Tek-Tips is the largest IT community on the Internet today!

Members share and learn making Tek-Tips Forums the best source of peer-reviewed technical information on the Internet!

  • Congratulations Chris Miller on being selected by the Tek-Tips community for having the most helpful posts in the forums last week. Way to Go!
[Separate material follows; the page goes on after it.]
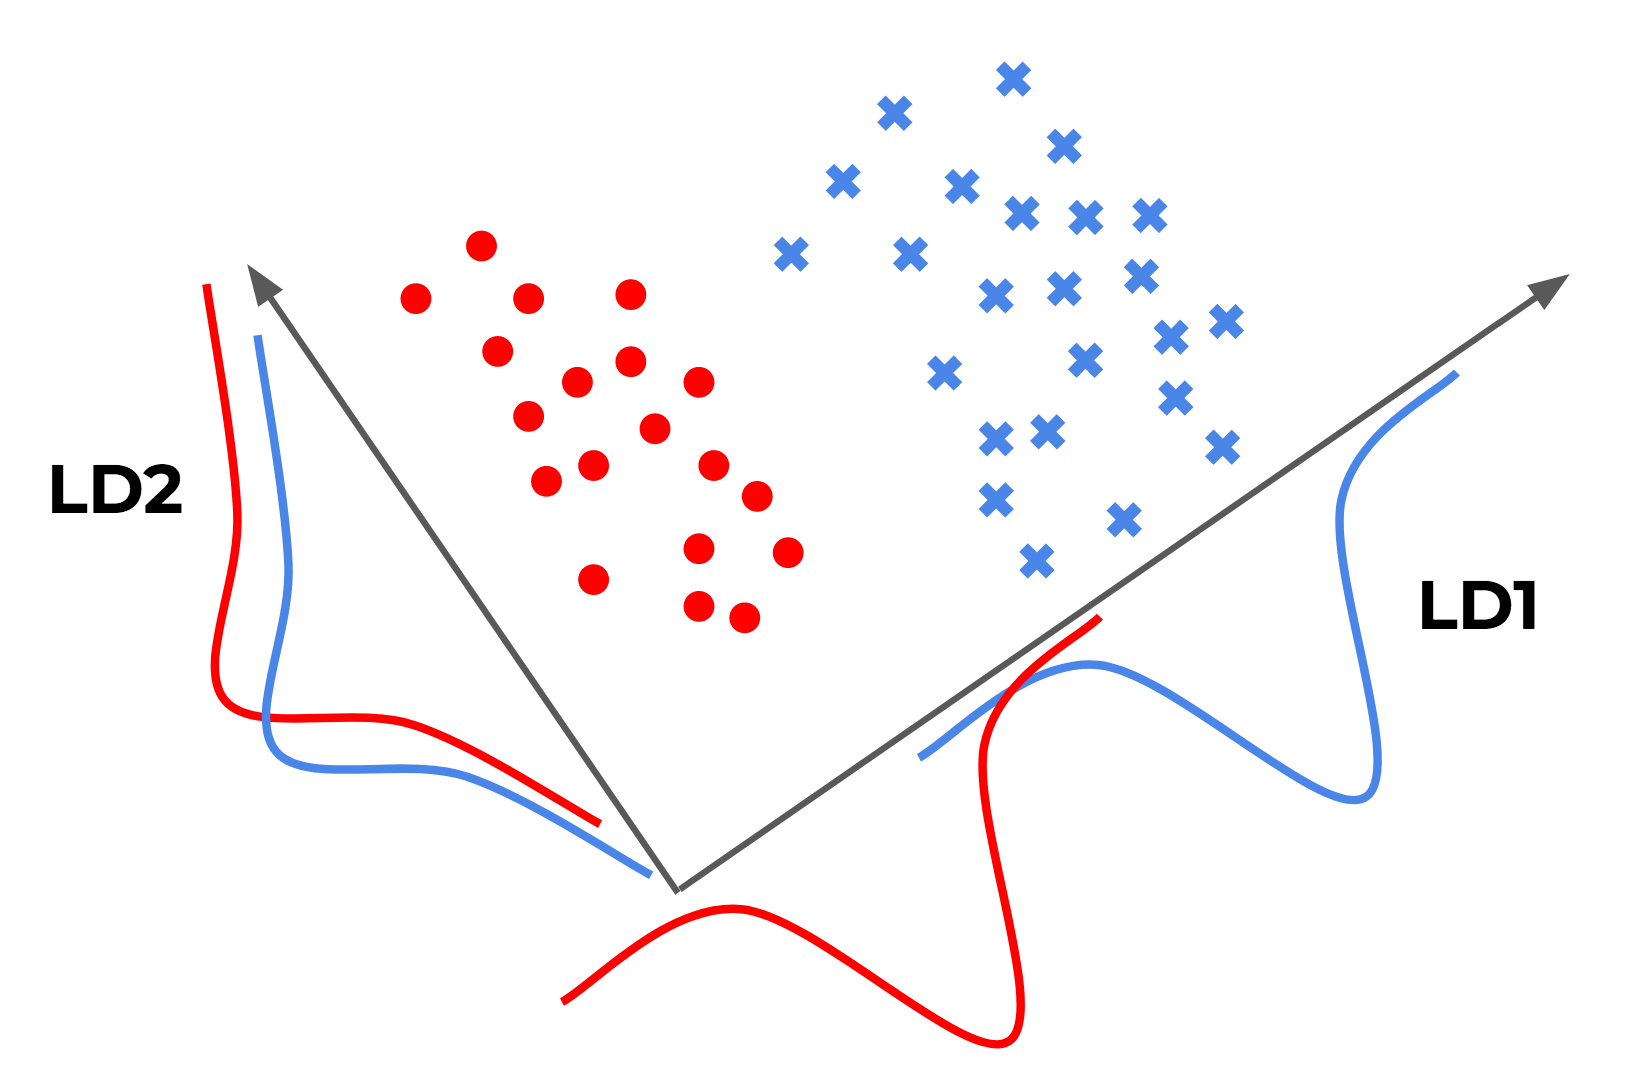 Projections of two-dimensional data (in two clusters) onto the x and y axes

Display consumer/service line with smallest time value

Status
Not open for further replies.

marm1

Technical User
Nov 12, 2020
9
GB
Hello All,

I have a file with three fields delimited by a comma:
field1 is a consumer name
field2 is the service used by a given consumer
filed3 is a time value

I would like to display the line for each consumer/service pair with the earlier time i.e. smallest time value

Sample input file:
Code:
$ cat data
arx-count-consumer,arx-count-service,300
arx-count-consumer,arx-count-service,500
peg-if-consumer,peg-if-service,1100
tin-mock-consumer,tin-mock-service,1500
arx-count-consumer,arx-count-service,101
tin-mock-consumer,tin-mock-service,4500
pipe-mock-consumer,pipe-mock-service,50
pipe1-mock-consumer,pipe-mock-service,510

Desired output:
Code:
arx-count-consumer,arx-count-service,101
peg-if-consumer,peg-if-service,1100
tin-mock-consumer,tin-mock-service,500
pipe-mock-consumer,pipe-mock-service,50
pipe1-mock-consumer,pipe-mock-service,510

Any assistance would be greatly appreciated. Thanks in advance.
 
for storíng minimum values, you can use an associative array, e.g. min_time_values[key] where key would be a string concatenated from consumer and service.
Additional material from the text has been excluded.